Imagine a customer searching Amazon for "moisturizer for sensitive skin," only to find your product listing buried beneath countless competitors. The culprit? Traditional keyword-stuffing approaches that fail to meet the sophisticated demands of Amazon's Cosmo algorithm.
Amazon's search technology has evolved beyond simple keyword matching. The Cosmo system represents a fundamental shift toward semantic understanding - analyzing customer intent, purchase behaviors, and contextual relationships to deliver more relevant results.
From Keywords to Context: The Cosmo Difference
Unlike its predecessor A9, Cosmo doesn't simply match search terms to product listings. Instead, it builds comprehensive knowledge graphs by analyzing millions of search-purchase patterns, co-purchase behaviors, and other data points to understand the deeper motivations behind customer queries.
This semantic approach relies on 15 structured relationships that form the foundation of product understanding. By naturally incorporating these relationships throughout your listing - in titles, bullet points, images, and A+ content - sellers can dramatically improve both visibility and conversion rates.
The 15 Semantic Relationships That Power Product Discovery
1. Function & Usage: What Does the Product Do?
These relationships define a product's core capabilities and practical applications:
- used_for_func : Primary functions (e.g., "cleans pores," "removes oil")
- capable_of : Product capabilities (e.g., "keeps liquids hot for 12 hours")
- used_to : Specific actions enabled (e.g., "tightens screws," "assembles furniture")
2. Concept & Identity: What Is the Product?
These relationships establish categorical and conceptual positioning:
- used_as : Functional classifications (e.g., "fitness tracker," "health monitor")
- is_a : Product categories (e.g., "formal wear," "casual apparel")
3. Contextual Scenarios: When and Where Is It Used?
These relationships connect products to specific environments and situations:
- used_for_eve : Applicable events/activities (e.g., "beach vacation," "outdoor sports")
- used_on : Temporal usage (e.g., "dry winter months," "during sleep")
- used_in_loc : Physical locations (e.g., "bedroom," "office")
- used_in_body : Body applications (e.g., "facial use," "sensitive skin")

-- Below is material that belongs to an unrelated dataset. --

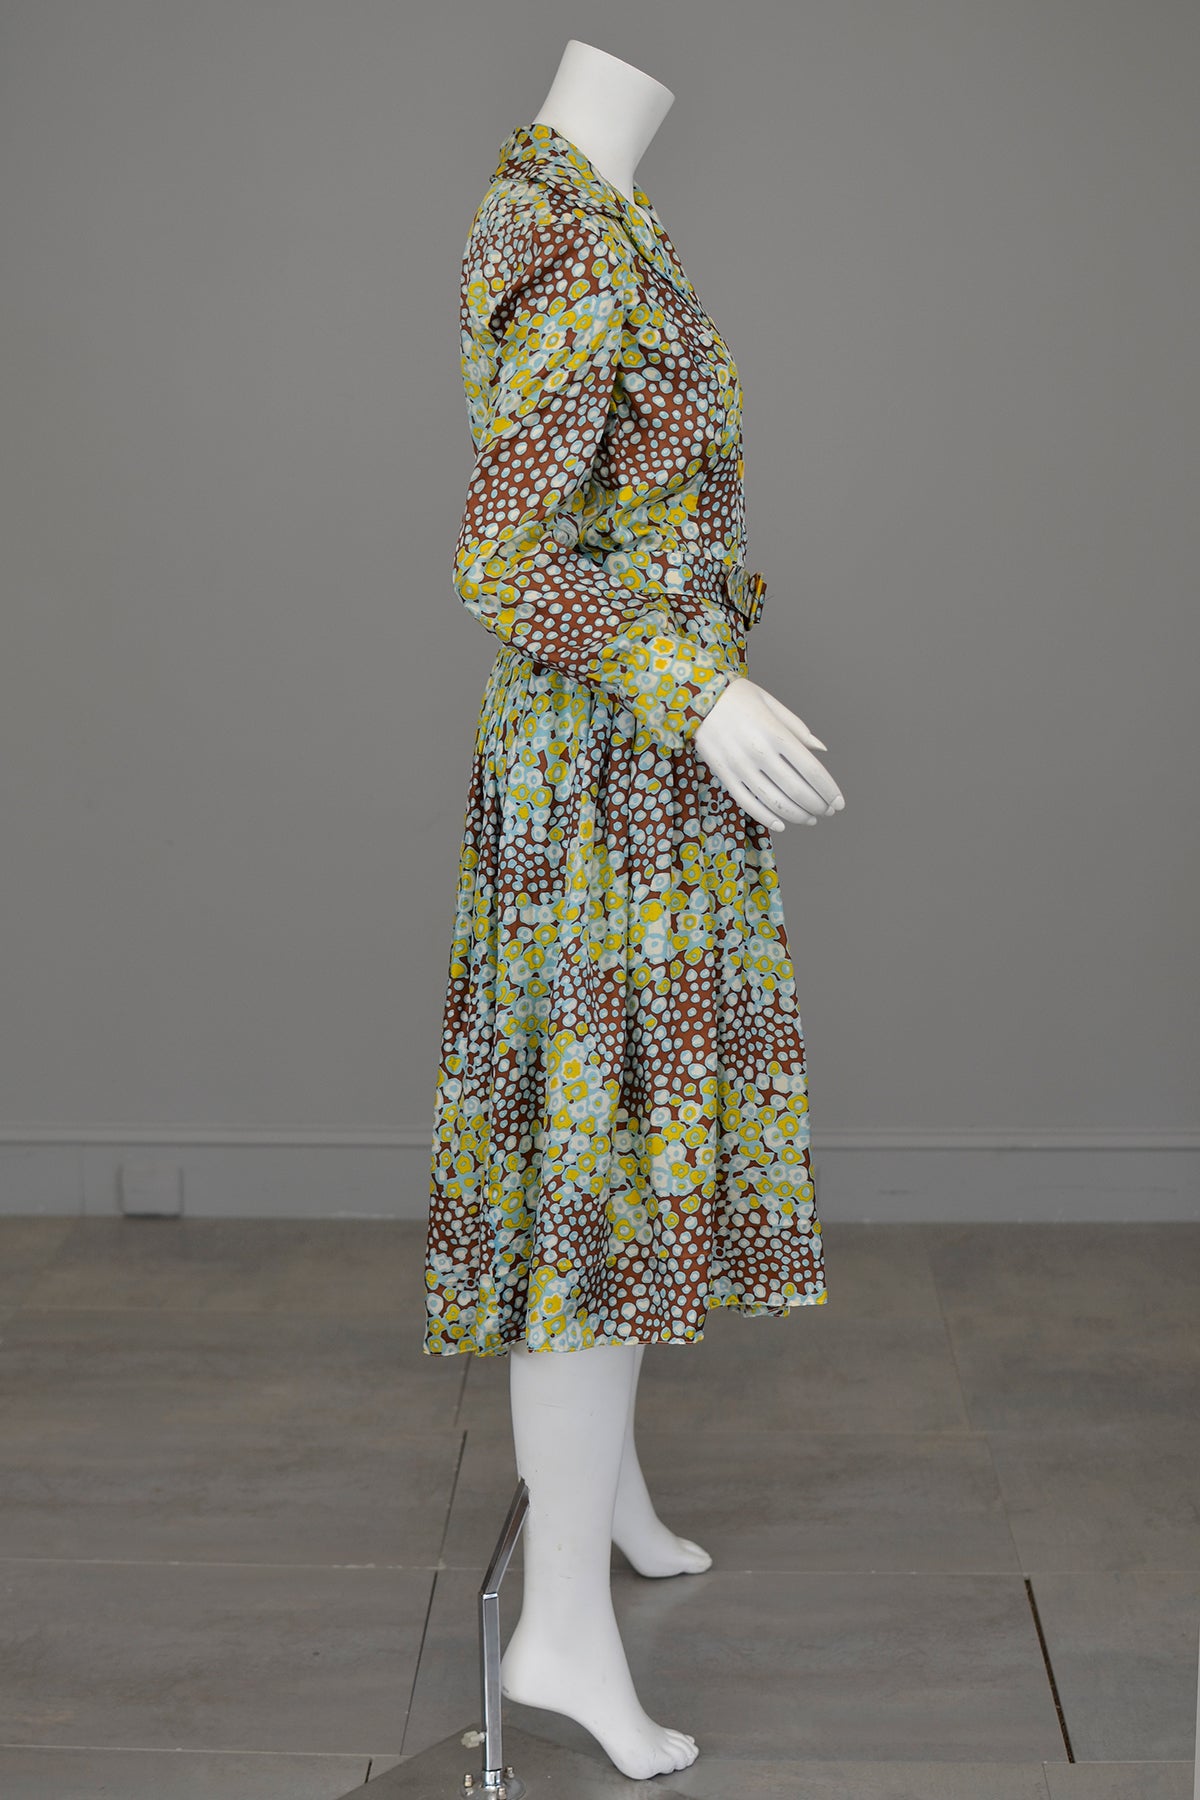 1960s Atomic Bubbles Polka Dot Novelty Print Shirtwaist Dress

4. Audience & User Psychology: Who Uses It and Why?
These relationships define target users and their motivations:
- used_for_aud : Target demographics (e.g., "children 3-6 years")
- used_by : User identities (e.g., "cat owners," "pet lovers")
- xIs_a : User characteristics (e.g., "pregnant women")
- xInterested_in : User interests (e.g., "gardening," "DIY projects")
- xWant : User desires (e.g., "running," "hiking")
5. Complementary Relationships: What Works With It?
This relationship identifies product synergies:
- used_with : Complementary products (e.g., "phone case with screen protector")
Implementing Semantic Optimization
Effective semantic optimization requires natural integration across all listing elements:
- Visual storytelling that demonstrates usage scenarios (e.g., showing families using products)
- A+ content that highlights capabilities through both text and imagery
- Bullet points that address multiple semantic relationships simultaneously
Advanced sellers can leverage analytics to track performance across semantic dimensions, refining listings based on which relationships generate the strongest customer engagement and conversion rates.
This semantic approach transforms product listings from static keyword repositories into dynamic, intent-matching tools that speak directly to customer needs - the key to standing out in Amazon's increasingly sophisticated marketplace.